Though it noted this overseas tip was “unclear,” the application said the “FBI believes that election influence efforts are being coordinated between the RIS [Russian Intelligence Service] and Page, and possibly others.”

This appears to be why the FBI drew the conclusion that Divyekin had “received direction by the Russian Government” to share the Clinton dirt with Page, a stretch even for the dossier, which never said Divyekin was operating on orders from the Russian government. But the FBI needed Russian intelligence to be involved to sell the espionage “conspiracy.”

The imagination of Crossfire Hurricane agents was running full throttle, but then they made an even bigger leap. At the top of page 20 of their first FISA request, they stated: “The FBI assesses the information funneled by the Russians to Page may be part of Russia’s intent to influence the 2016 U.S. Presidential election.”

This put a nice bow on the grand conspiracy for the FISA court, which is that Russia helped Trump steal the election.

The way the FBI framed it for FISA judges, it was an urgent matter of national security to let agents monitor Page—and also collect any past communications he had with Trump campaign officials—to stop the theft of the White House by the Kremlin.

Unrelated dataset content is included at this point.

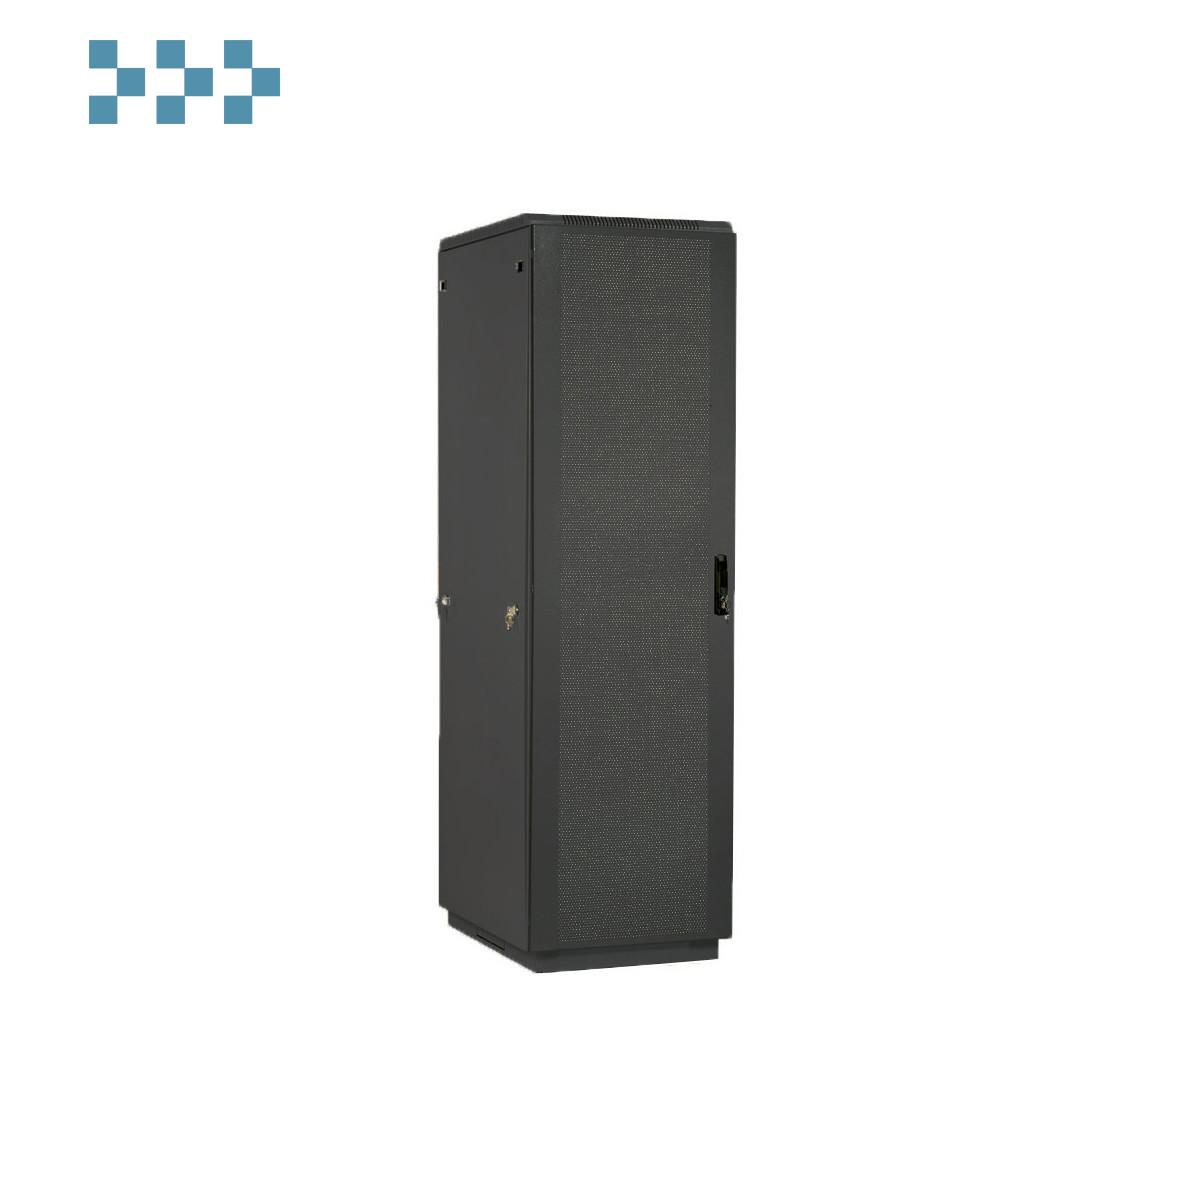 Шкаф телекоммуникационный напольный 42U ЦМО ШТК-М-42.8.10-44АА-9005

As the Crossfire case bled into the inquiry directed by Special Counsel Robert S. Mueller, it became more and more obvious the FBI had given its imprimatur to a wide range of false allegations in its FISA applications.

By autumn 2017, investigators understood full well that the dossier allegations were fabricated by Danchenko. The FBI finally let the Trump-related wiretaps expire in late September that year. To this day, Page has never been charged with a crime.

‘Heads Should Roll’

In each of their four sworn FISA affidavits, which were signed by then-FBI Director James Comey and his deputy McCabe, FBI agents told the FISA court that Danchenko was “truthful and cooperative,” when they knew otherwise. Instead of going back to the court and correcting the record, as required by law (which risked acknowledging the fraud) they fished for more dirt, more unsubstantiated rumors about Trump, from the same unscrupulous sources. They continued to meet with Steele and Danchenko throughout 2017.

Former FBI investigators say it’s clear their colleagues weren’t played by their sources, but rather played along with them.

“The bureau was not misled. The bureau received false information, knew it to be false, and still represented it as true for the purpose of the affidavits,” Biasello said. “That is a blatant criminal act.”

He noted that in a December 2019 opinion, then-FISA Court Presiding Judge Rosemary Collyer reprimanded the FBI, while warning that other FISA warrants may be equally tainted and based on fraudulent information.

“The frequency with which representations made by FBI personnel turned out to be unsupported or contradicted by information in their possession, and [the frequency] with which they withheld information detrimental to their case, calls into question whether information contained in other FBI applications is reliable,” wrote Collyer, who signed the initial warrant targeting Page.

“In view of her comments, heads should roll,” Biasello said.